Interest rate options can come with pricing differences.  Those differences are called "points".  A point is a fee charged by the lender, typically a percentage of the loan amount.  Most buyers when inquiring about rates are looking for a rate quote at "par" pricing.  This is the lowest interest rate at a given point in time where the lender only charges 1% for the Origination Fee and there are no further "point" costs.

The rate on a real estate loan can be bought up or bought down based on investor or bank pricing over and above the 1% for the Origination Fee.  For example;  If a buyer does not have quite enough cash to close, the Lender may agree to rebate the 1% Origination cost by offering a slightly higher interest rate.  This is acceptable to the Lender since they expect to recoup the rebate over the life of the loan.  In the same way, if a buyer wants a lower long term rate, pricing from the lender can accommodate the rate buydown through the charging of discount points.  So that paying the lender a premium upfront will result in a discounted note rate for the life of the loan.

Most buyers, especially first time buyers don't buy the rate down for the long term.  Sometimes, however, a Seller will offer to credit the buyer up to 6% of the purchase price (FHA/VA limit) towards closing costs.
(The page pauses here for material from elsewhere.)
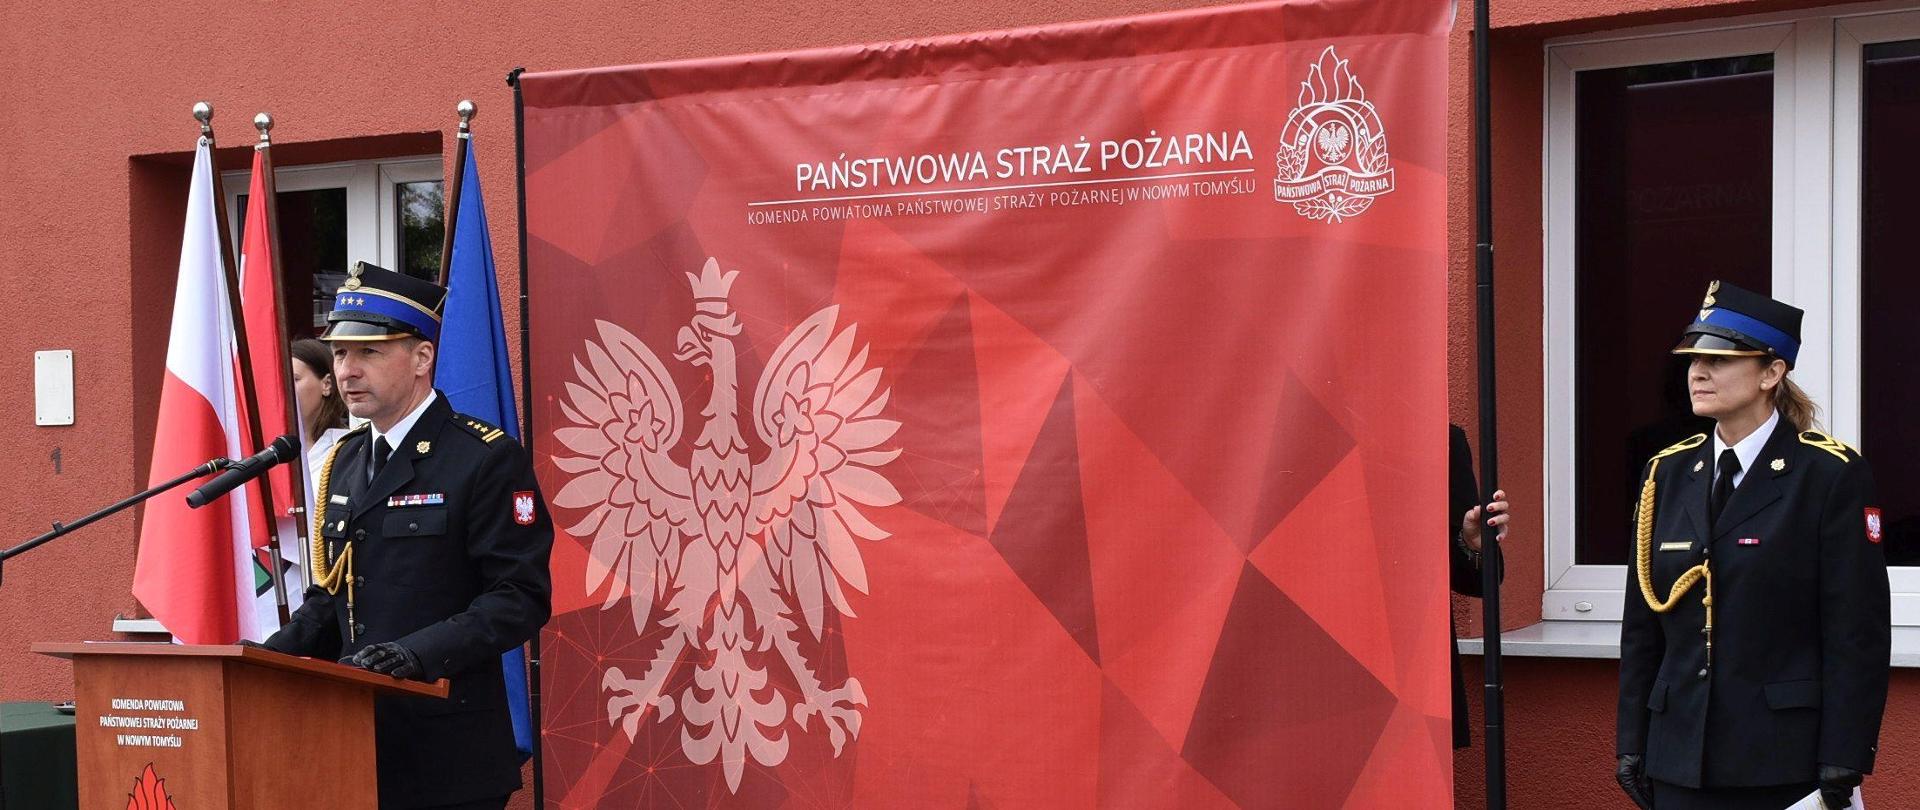 przemówienie Zastępcy Wielkopolskiego Komendanta Wojewódzkiego Państwowej Straży Pożarnej, w tle duża czerwona ścianka z orłem, obok stoi kobieta strażak

Then it could help by lowering the qualifying house payment.  In this market most sellers are not willing to agree to such high closing credits.  The exception will be found in new home communities where a new home is move in ready... and a previous buyer "fell out".  In these cases some exceptional opportunities may exist.

Whether buying the rate down is something you wish to do, takes some thought and calculation.  If you are buying this home and planning to live there until it is paid off, then the investment of some extra up front dollars for a lower life of the loan rate would make sense.  Additionally these points are tax deductable in the year paid. But, since many folks really don't plan on being in their home until paid off keeping the extra cash in the bank could be more sensible. This is especially true for first time home buyers who can expect to have additional expenses in the first year of home ownership.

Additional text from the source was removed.